Welcome, Kalshane!
And Allyson, that's a good idea. That way once you sell, you'll already have your website started to help you promote your work.
Riley ,'Conversations with Dead People'
A place for Buffistas to discuss, beta and otherwise deal and dish on their non-fan fiction projects.
Welcome, Kalshane!
And Allyson, that's a good idea. That way once you sell, you'll already have your website started to help you promote your work.
Picture ten drabble [link]
Mom was so proud of the white parlor. Shoes were banned, and God help the person who brought food anywhere near that expensive white wall-to-wall carpet.
Then came The Day Aunt Trixie Brought Her Poodle.
When the air cleared, Aunt T. had sworn anathema to us and five generations backwards and forwards, the poodle was shivering under the driver's seat of Aunt T.'s Buick, and Mom was at the rumpus room bar with a big scotch and soda.
"We need a long-haired white Persian," she said, sipping thoughtfully. "It will match beautifully. We must get it before Trixie arrives for Thanksgiving."
"Aunt T.'s allergic to cats," I said carefully.
Mom smiled. "Pity."
snerk
That's a good one, connie. "Pity." Hee.
eta: Welcome, Kalshane! It's nice to see new faces around here. Come be an old one with the rest of us. Take that as you read it.
Christmas 1949.
It was the last Christmas we spent together as a foursome. I was so happy. Adolphe had asked me to marry him and we were going to tell the family on Christmas Eve after mass.
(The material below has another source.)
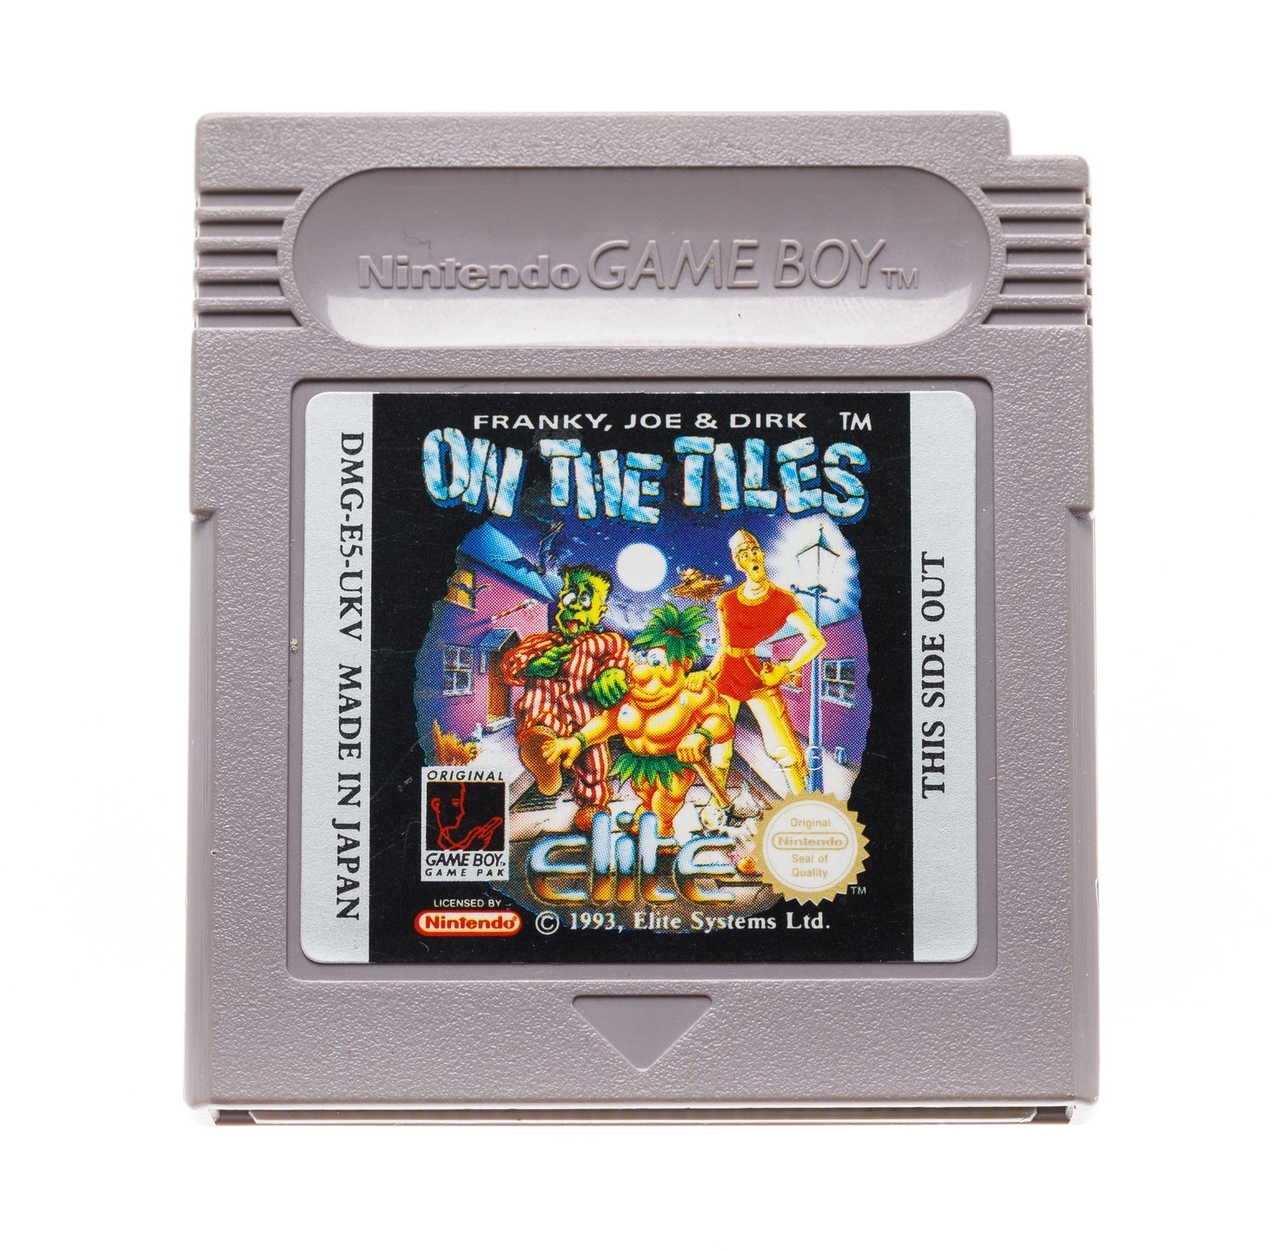 Franky, Joe & Dirk: On the Tiles - Gameboy Classic Games

Look how happy I appear. Rita and Bernard had been married just the month before; I thought life could only get better.
Now, I can see signs I didn’t see then. Rita and Bernard had become so serious. They hardly laughed, or even smiled, anymore. Even Adolphe was hiding things from me by then.
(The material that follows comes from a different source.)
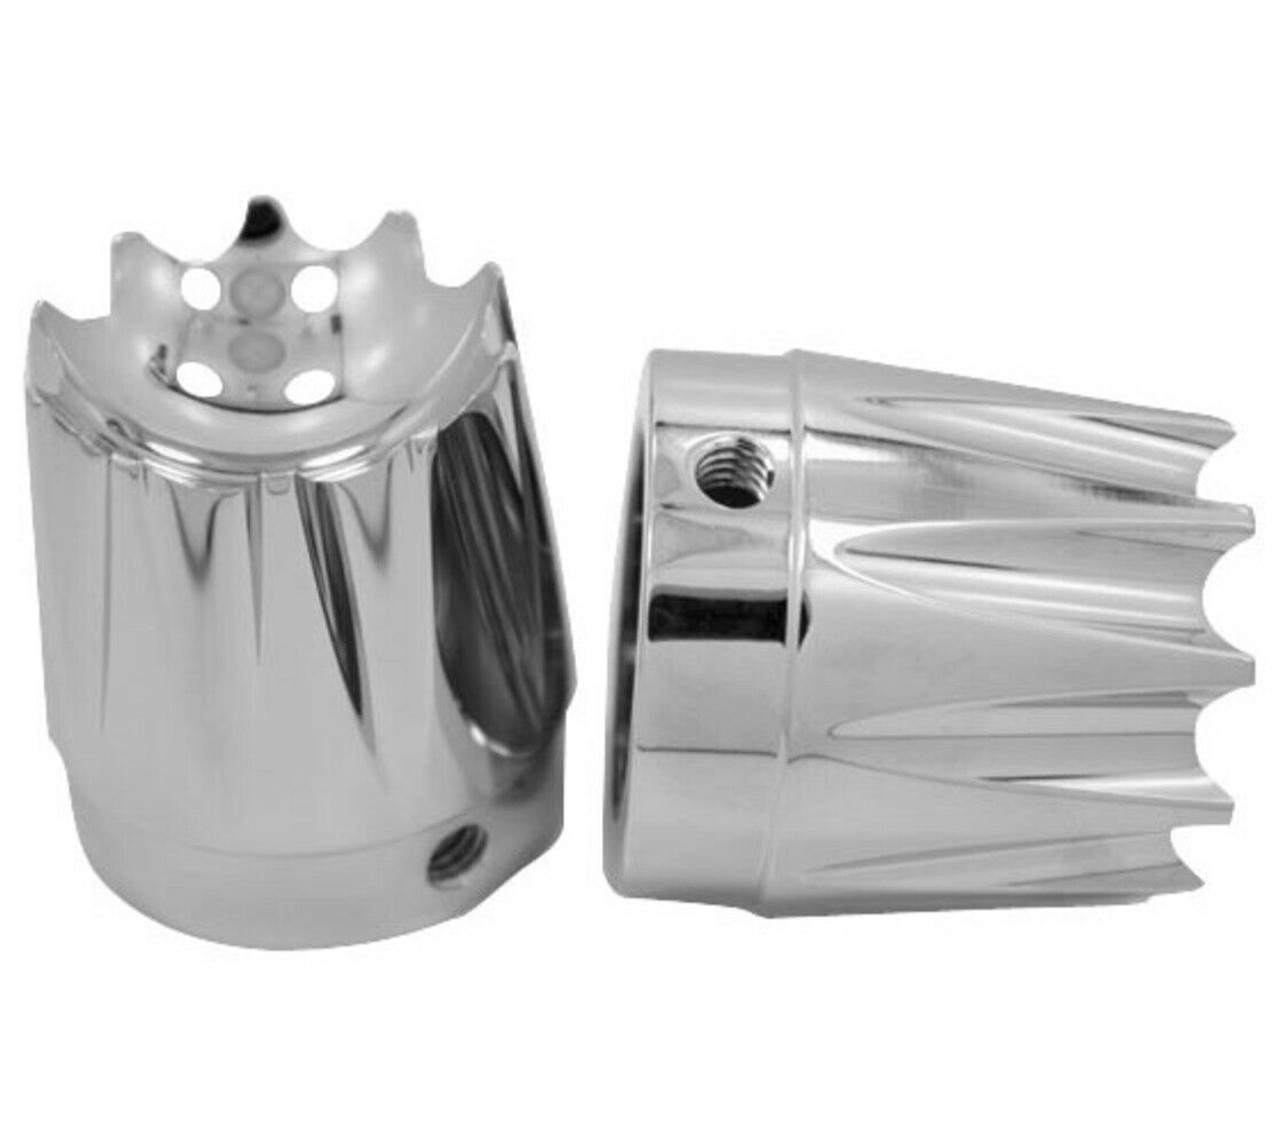 Avon Grips Excalibur Axle Nut Covers - 1in. - Chrome

Ironic, isn’t it, that Rita and Bernard named her daughter Celeste?
Thanks for the welcome, all.
Come be an old one with the rest of us. Take that as you read it.
It reads very much as a compliment, and reminds me of an old "story in the round" setting some of my friends created in their Creative Writing class back in high school. (I didn't take the class because until I started on my first novel, I actually had very little interest in writing. I was very much a math/science nerd with little interest in English until at some point near the end of my junior year when I did a complete flip-flop. Also, it was taught by a teacher I hated at the time, but as I've grown older realized was one of the better ones.) In any case, the setting was a sort of inter-dimensional poetry bar and the regulars were called "Old Friends". Which is probably only interesting or amusing to me.
Right. So let's hope I'm less rambling if I try to write something in earnest around here.
Alright, here goes:
Back then, Grampa meant the world to me. His smile, his laugh, the soft squeak of his chair rocking as we read a book together. When anyone asked me what I wanted to be when I grew up, I said I wanted to be just like Grampa. I loved most when he’d let me do grown-up things like drive his car–safely in his lap on empty country roads–or the time he helped me get a suit just like his for Aunt Virginia’s wedding.
Now the memories I treasure are from when he acted just like me. Hunkered down on the floor together over the wooden blocks we built into castles and trains and bridges. Two children with nothing but time and imagination.
(24 words over, but I'm not sure where I can tighten it up.)
You'll find it. It's one of the reasons I like drabbles. It forces you to be spare.
I don't worry too much about word counts, just try to keep as concise as possible. My drabble suddenly developed a plot that needed dealt with.
(waving at Kalshane) What Sail said; settle on in.
Allyson! I've got a nifty web page and its sole purpose is to keep people posted about the books and reviews and appearances and stuff. It's an excellent idea - muchly recommended. And BTW, if I set up a date to come down there and a thing at the LA Mystery Bookstore, when's good? Last time, you were up here, with Perkins, and I was in LA with food poisoning, signing books, alone and disconsolate.
Some excellent drabbles, yo.
I have achieved a single hardback copy of "Matty Groves." Arrived in the post today; very pretty indeed. It's possible I'm getting blase about this.
Partially xposted from Bitches, because I'm suddenly losing my enthusiasm for the WIP now that I'm almost at the ending:
Have you ever felt your enthusiasm flag for a story right as you hit the ending? I'm basically a chapter and an epilogue away from finishing the WIP, and suddenly the writing feels like going through the motions and my climax seems lame and anticlimactic. I'm pushing through--I'm not about to abandon a book this long so close to the end--and I really hope it's better than I think it is, but I hate feeling this way when I've been so passionate about the WIP up until now.